Елена Александровна Извольская:
Марина прислушивалась так же ведь и к стихам других поэтов и в них раскрывала тайну. И не только поэтов известных, но и едва ли кому-нибудь, кроме ее, попавшихся на глаза. Она очень любила и часто повторяла при мне стихи «неизвестной монахини», которые она записала в мой молитвенник.
Особенно она любила заключительные строки:
Ариадна Сергеевна Эфрон:
Стихи читала не камерно, а как бы на большую аудиторию.
Читала темпераментно, смыслово, без поэтических «подвываний», никогда не опуская (упуская!) концы строк; самое сложное мгновенно прояснялось в ее исполнении.
Читала охотно, доверчиво, по первой просьбе, а то и не дожидаясь ее, сама предлагая: «Хотите, я вам прочту стихи?»
Всю жизнь была велика — и неудовлетворена — ее потребность в читателях, слушателях, в быстром и непосредственном отклике на написанное [1; 144].
Эмилий Львович Миндлин:
Она читала <…> твердо и вся отдавшись ритму стихов. Читала, словно ворожбой заговаривала, время от времени встряхивая головой — обычно в конце строфы. В отличие от Мандельштама, читая, не смотрела на слушателя, будто читала для себя одной.

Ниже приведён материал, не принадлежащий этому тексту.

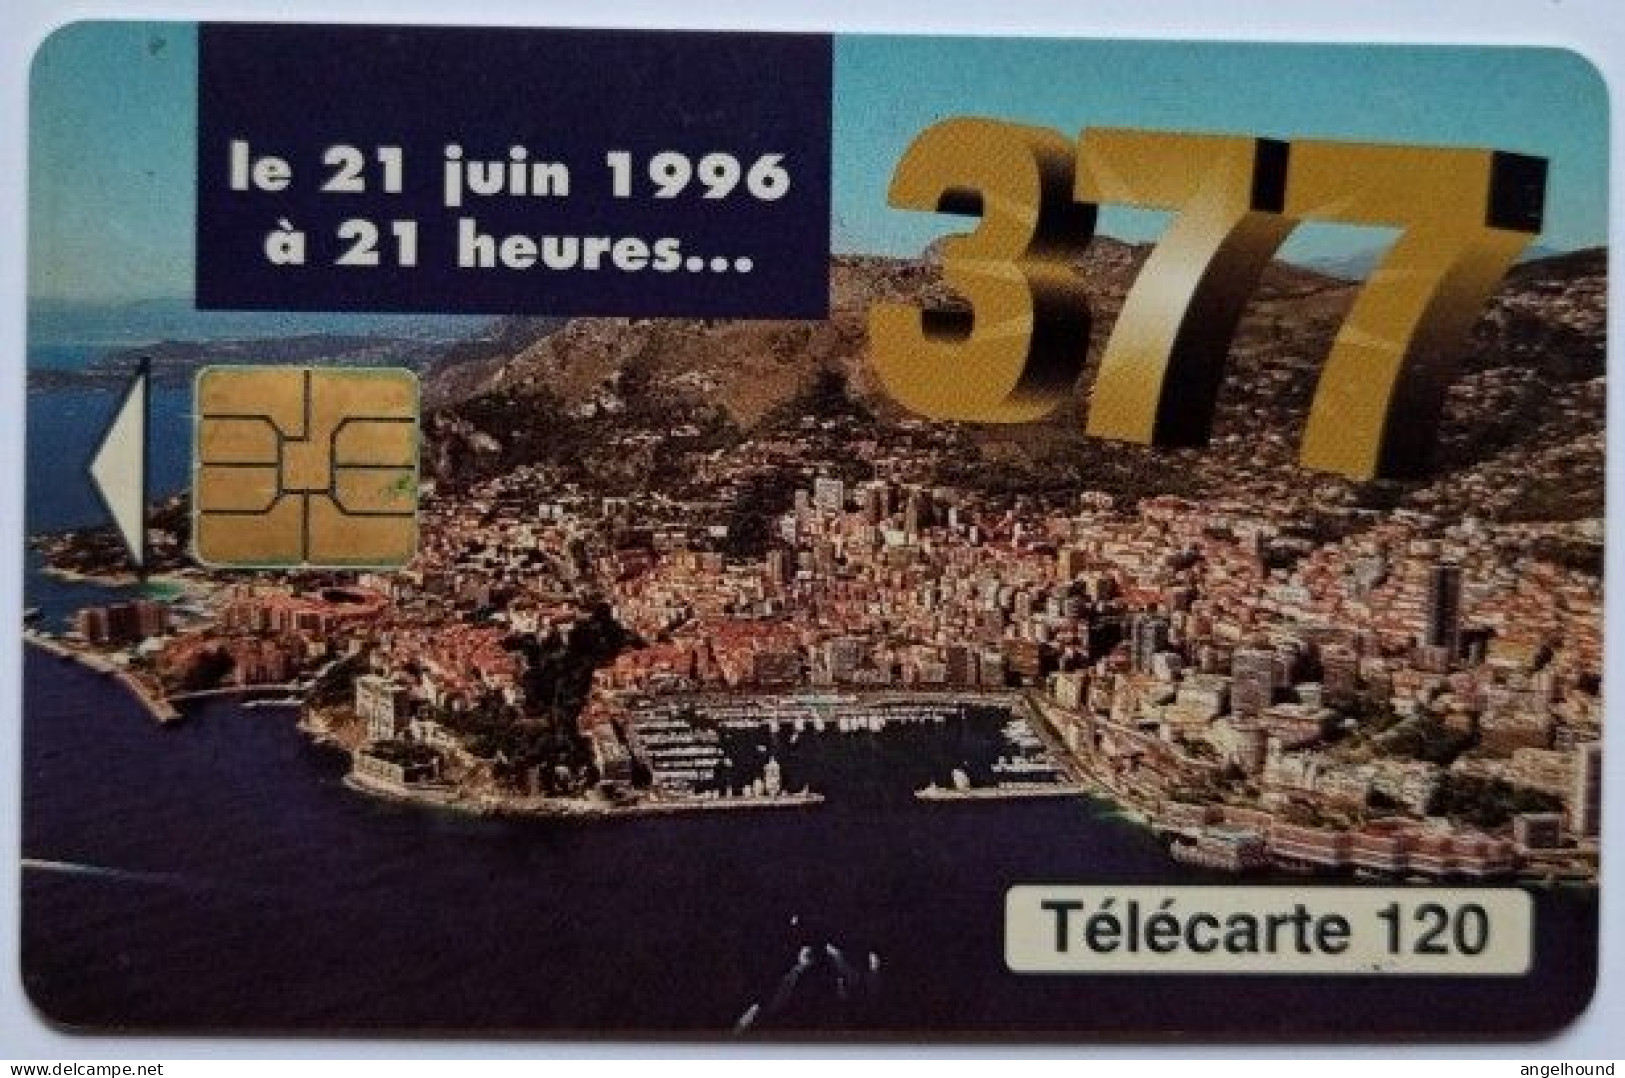 Monaco 120 Units Chip Card - 377  Changement De Numerotation - Monace

Иногда у нее бывал смущенный, даже как бы виноватый вид, когда она начинала читать, и становился державным после третьей, пятой строки. Последнюю строку она произносила скороговоркой, почти глотая, словно спохватываясь, что долго читает, и спешила поскорее закончить [1; 119].
Семен Израилевич Липкин (1911–2003), поэт, переводчик, мемуарист:
Читала Марина Ивановна наизусть. Читала просто, без каданса, голос свежий, прелестный, чисто московский, но мне показалось, что как-то резко, отрывисто произносила строки, нарочито подчеркивая их отстраненность от привычной стиховой музыкальности [1; 499].
Марина Ивановна Цветаева:
Люди театра не переносят моего чтения стихов: «Вы их губите!» Не понимают они, коробейники строк и чувств, что дело актера и поэта — разное. Дело поэта: вскрыв — скрыть. Голос для него броня, личина. Вне покрова голоса — он гол. Поэт всегда заметает следы. Голос поэта — водой — тушит пожар (строк). Поэт не может декламировать: стыдно и оскорбительно. Поэт — уединенный, подмостки для него — позорный столб. Преподносить свои стихи голосом (наисовершеннейшим из проводов!), использовать Психею для успеха?! Достаточно с меня великой сделки записывания и печатания!
— Я не импресарио собственного позора! [6; 519]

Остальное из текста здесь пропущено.